# USAT 44 Tonner Parts



## TrainWatcher (Sep 18, 2012)

Howdy guys, recently had a minor issue with my USAT 44 Ton, and broke off one of the steps on the brakeman's side (and subsequently lost them). I tried to kitbash some new ones with strip styrene to no avail. I am planning on stripping and repainting the unit soon to either a home road, or modeling PRR/PC/CR GE 44 Tonner #9999 to go with the CR GP30 I am acquiring in the coming week. Does anyone happen to have a spare hood section with the steps, or perhaps a spare set of handrails for the 44 Tonner? My next step is to call USAT but they are always high priced when it comes to replacement parts.


----------



## Garratt (Sep 15, 2012)

I don't think they have any handrails. I have asked before but get no reply. 

Andrew


----------



## Dan Pierce (Jan 2, 2008)

I have a 44 tonner undec new in the box that needs a new home. R22150 

[email protected]


----------



## Naptowneng (Jun 14, 2010)

I hav had fair decent luck soldering thin brass rod up to replace missing hand rails 

Jerry


----------



## John J (Dec 29, 2007)

Posted By Naptowneng on 22 Jul 2013 09:29 AM 
I hav had fair decent luck soldering thin brass rod up to replace missing hand rails 

Jerry 



Me too 

I just did a  thread in this batch of  forms about handrails for my NW-2 and SD -45s. 

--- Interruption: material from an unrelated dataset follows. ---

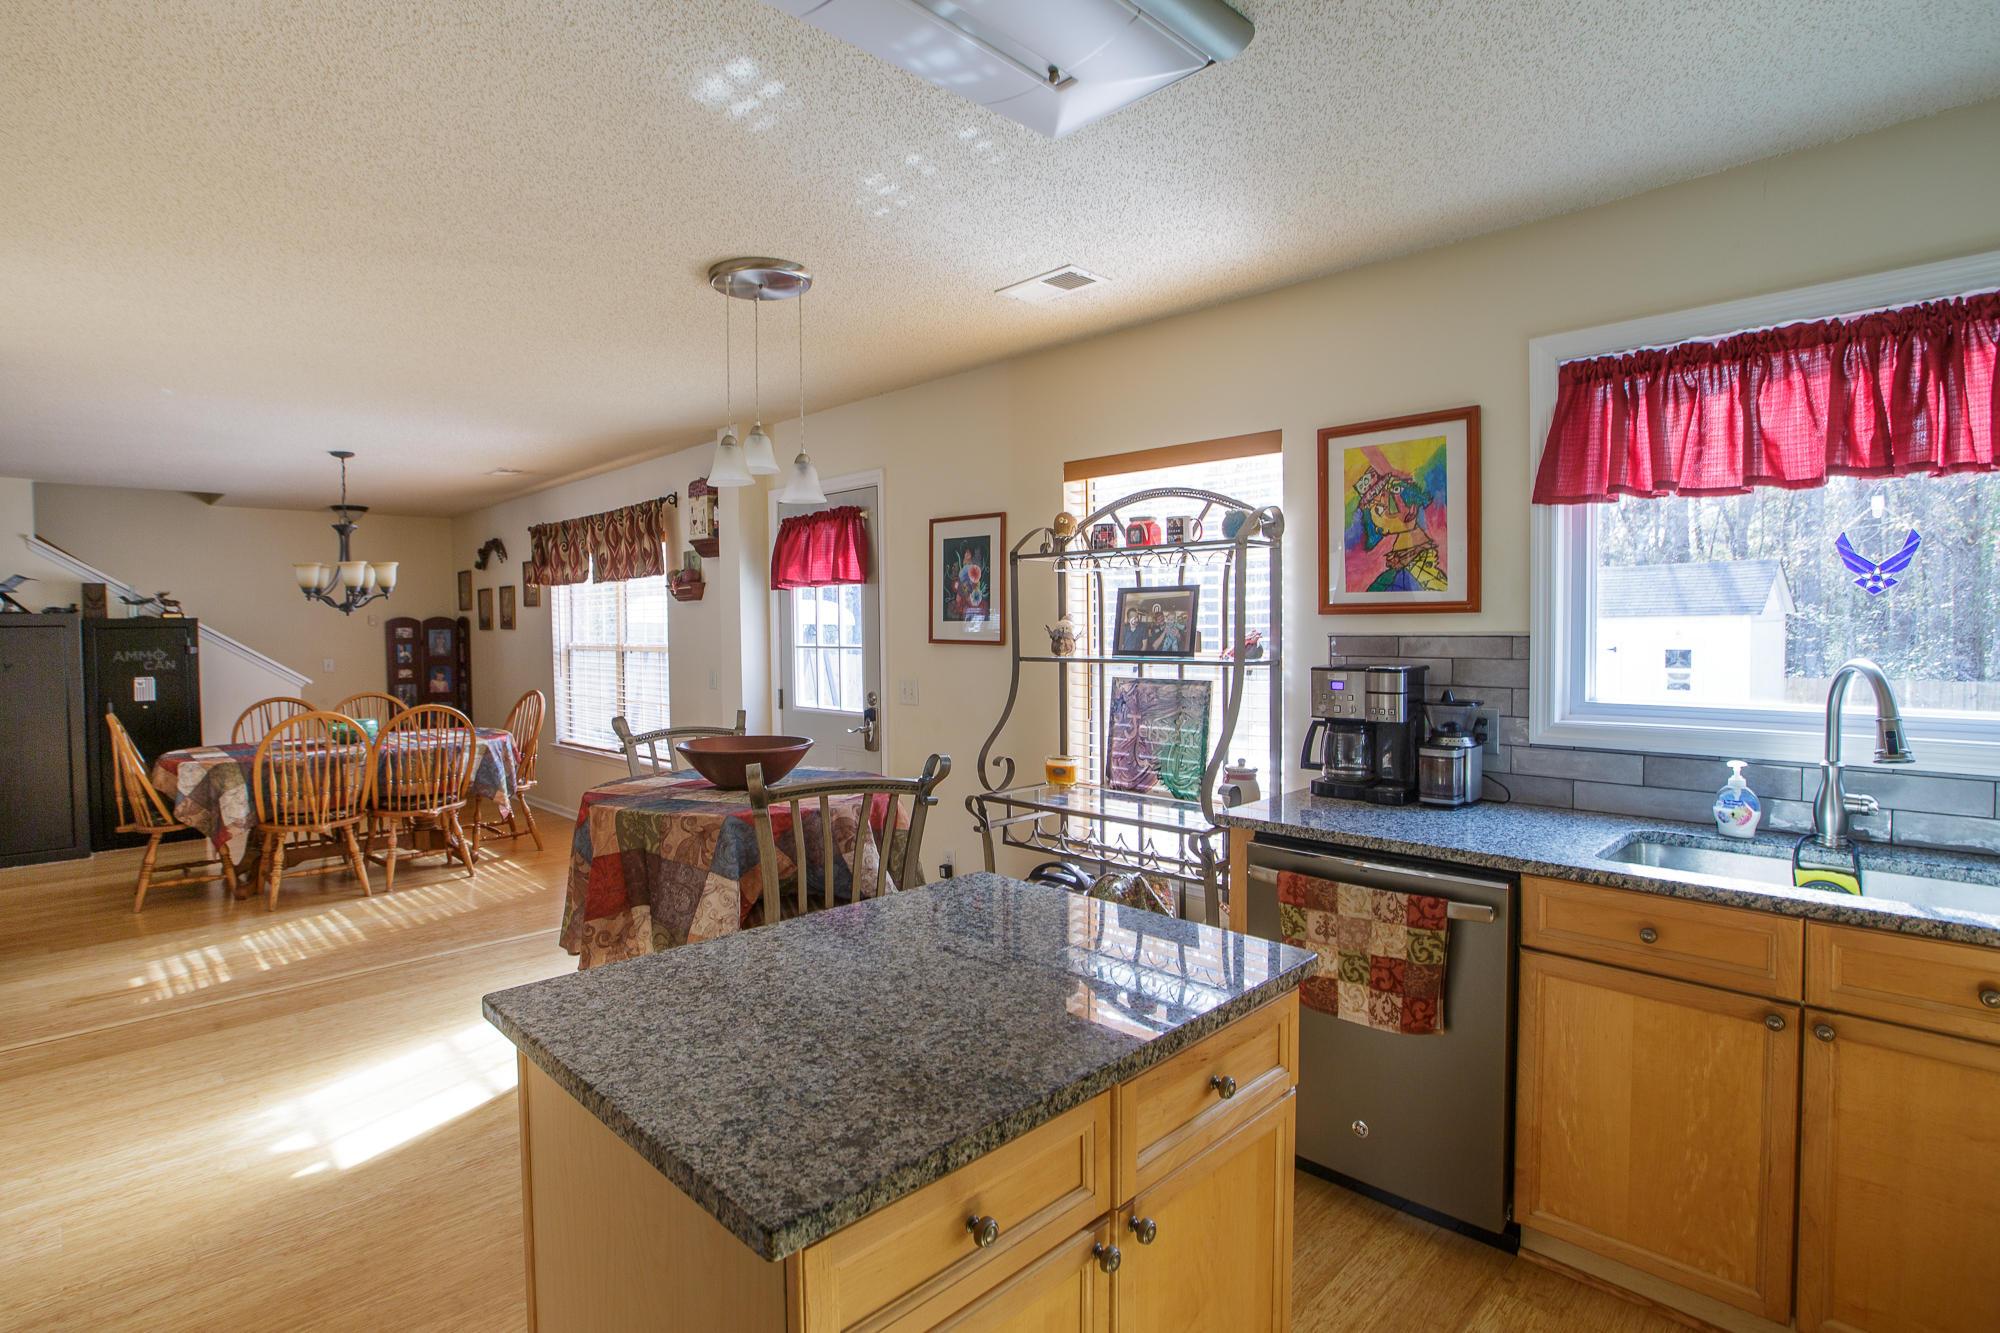 Hawthorne Place Homes For Sale - 347 Cohen, Ladson, SC - 1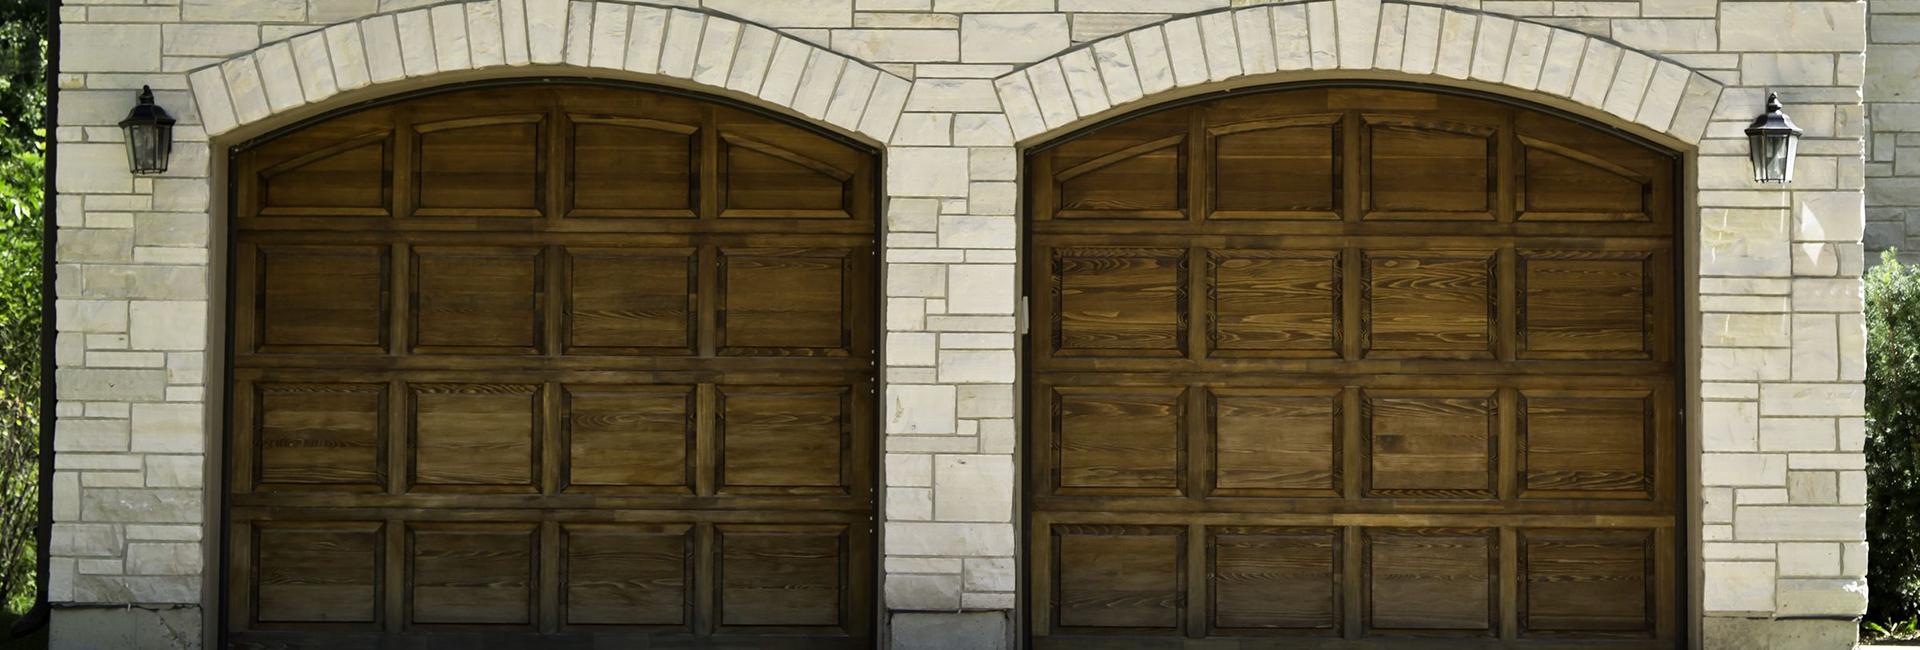 Garage Door Repair And Installation | Commercial Garage ...

Go to your local hobby shop and see if they have a display by K S. PRECISION METALS .

I just bought a bunch of brass rod 1/16 for my hand rails 

Also I saw a sheet of perforated brass that looked almost like the decking on the USAT articulated container cars. 

It might match what you are looking for. 

JJ


----------



## Stan Cedarleaf (Jan 2, 2008)

Posted By Dan Pierce on 22 Jul 2013 05:36 AM 
I have a 44 tonner undec new in the box that needs a new home. R22150 

[email protected] Hi Dan, you have mail....


----------